Can you imagine "2001" meeting with box office success with today's audiences? It's the same kind of movie. I'd love to see it done, but I fear it's doomed to flop. Unless they change things...dramatically
Call it "Speeding up with Rama". I can just see it. A team of volunteer convicts boarding Rama to plant a nuclear device to destroy it, only to find themselves under attack by bloodthirsty giant robots. The ship is only the tip of the iceberg of a much larger alien invasion. One hour of the movie will be spent with a lot of shooting and explosions, and in the end the invasion is difused thanks to a computer virus runned by one of the convicts who happens to be a hacker. It would be in 3D of course and the cherry on top would be having Michael Bay directing it. How's that sound? You think they wouldn't do it?

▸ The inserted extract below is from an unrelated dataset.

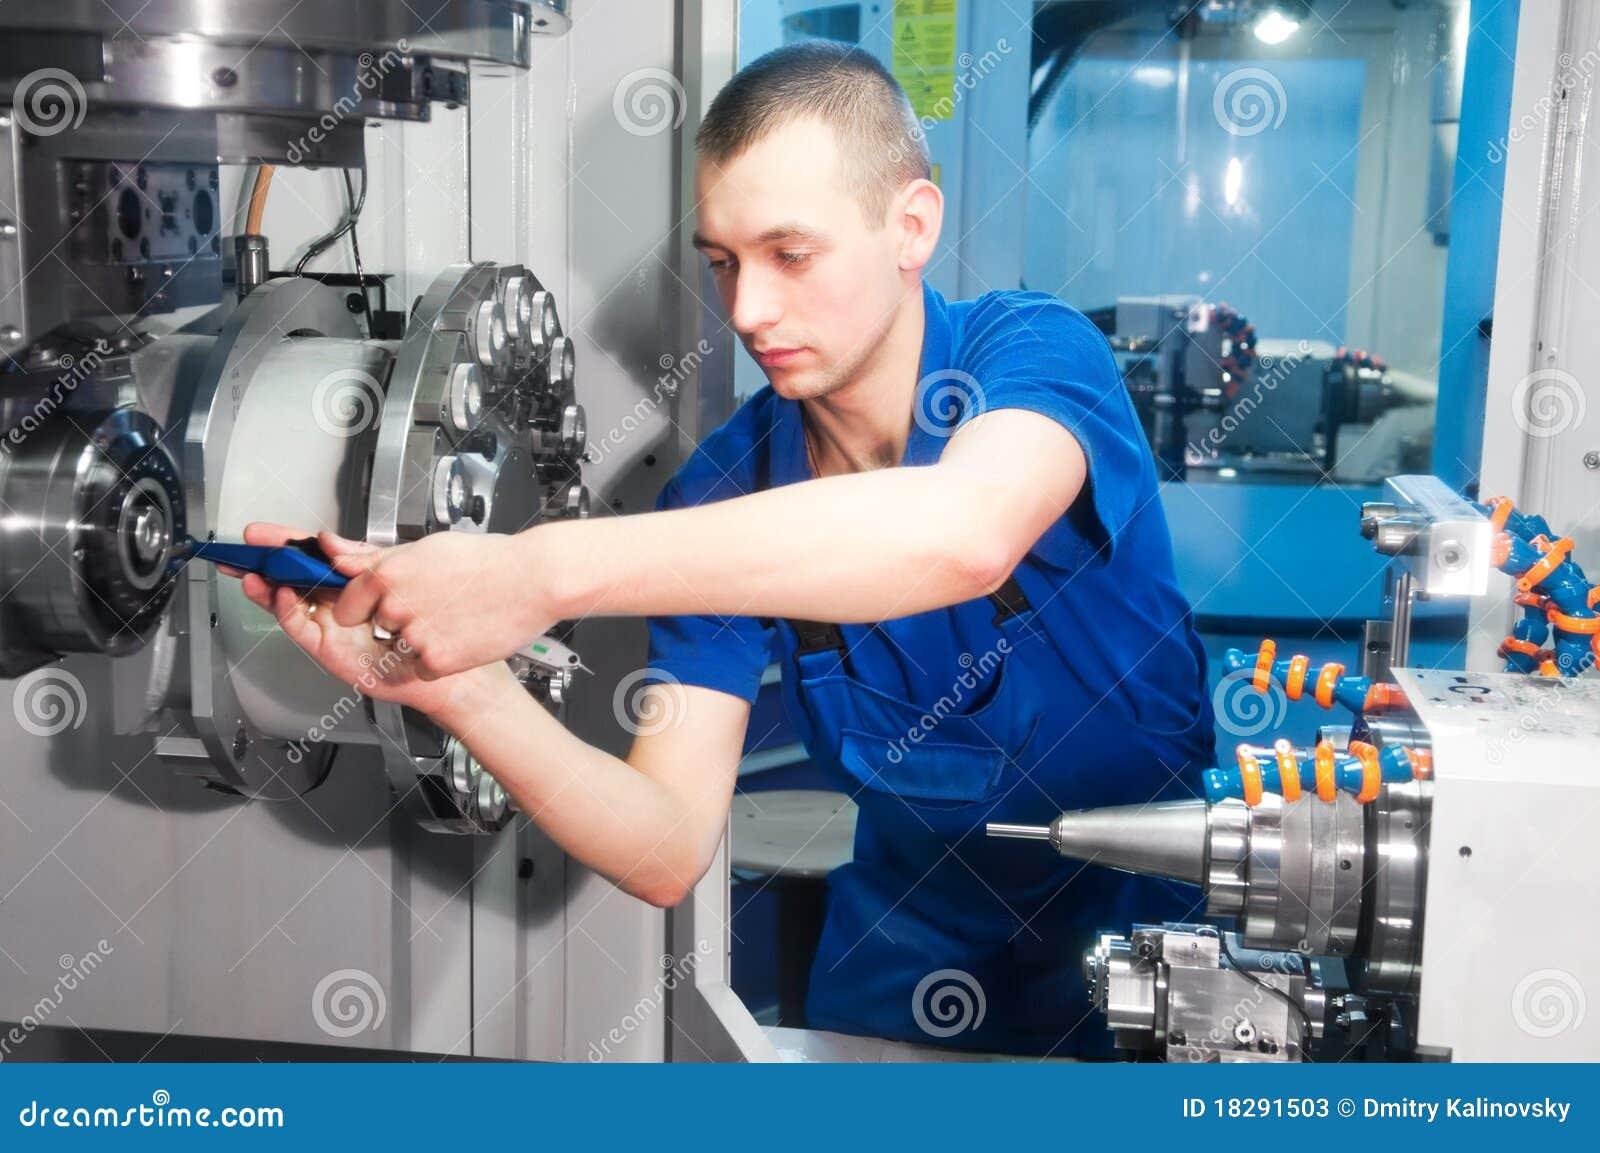 how to operate lathe machine pdf
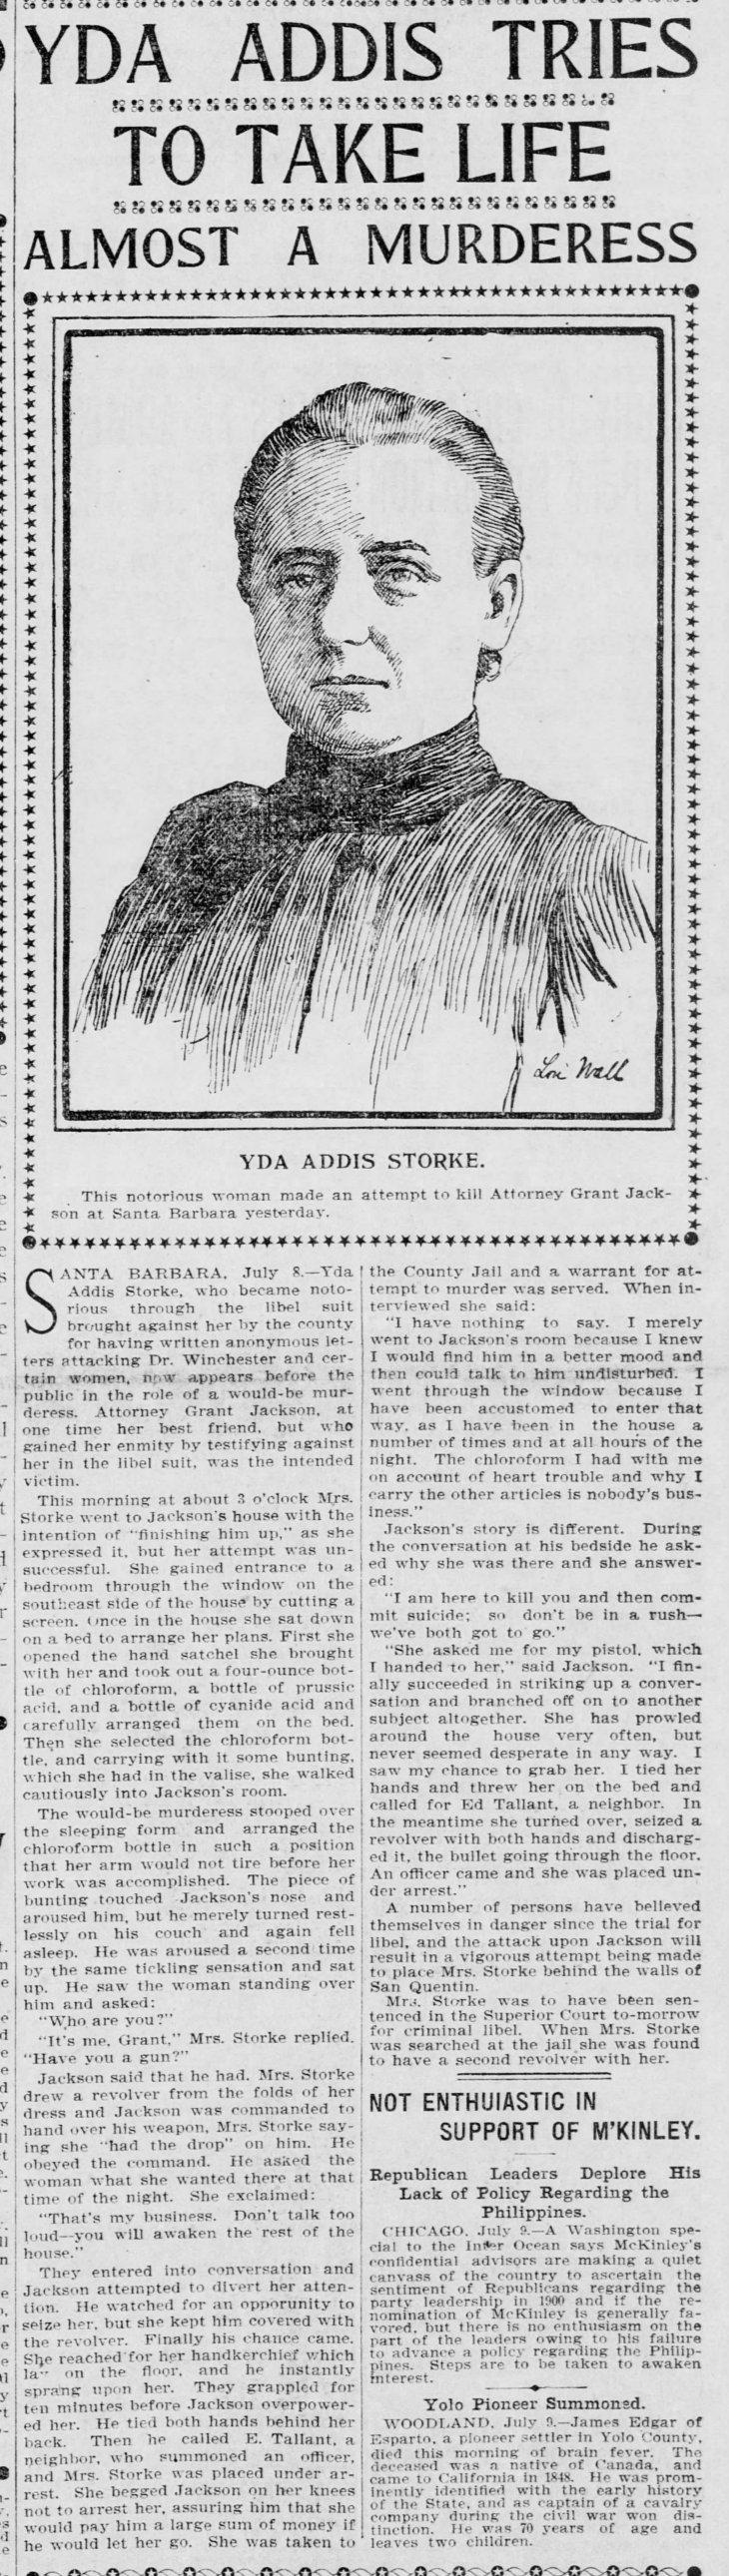 Yda suicide murder attempts The_San_Francisco_Call_Mon__Jul_10__1899_

Posted by: King Mob at October 14, 2010 7:07 AM

Sci Fi remains one of the strongest movie genres in Hollywood. I would like to see some visionary director/writer/producer adapt Robert Silverberg's "The World Inside," which is a story about the earth, hundreds of years in the future, that is populated by 80 billion inhabitants, who all live in giant skyscrapers called urban monads. It's a fascinating book and could/should be adapted into a movie, so long as it's in the hands of the right people.

Posted by: Tim Detore at October 14, 2010 10:33 AM

...so long as it's in the hands of the right people.

Yeah, see... there's always gonna be that one catch.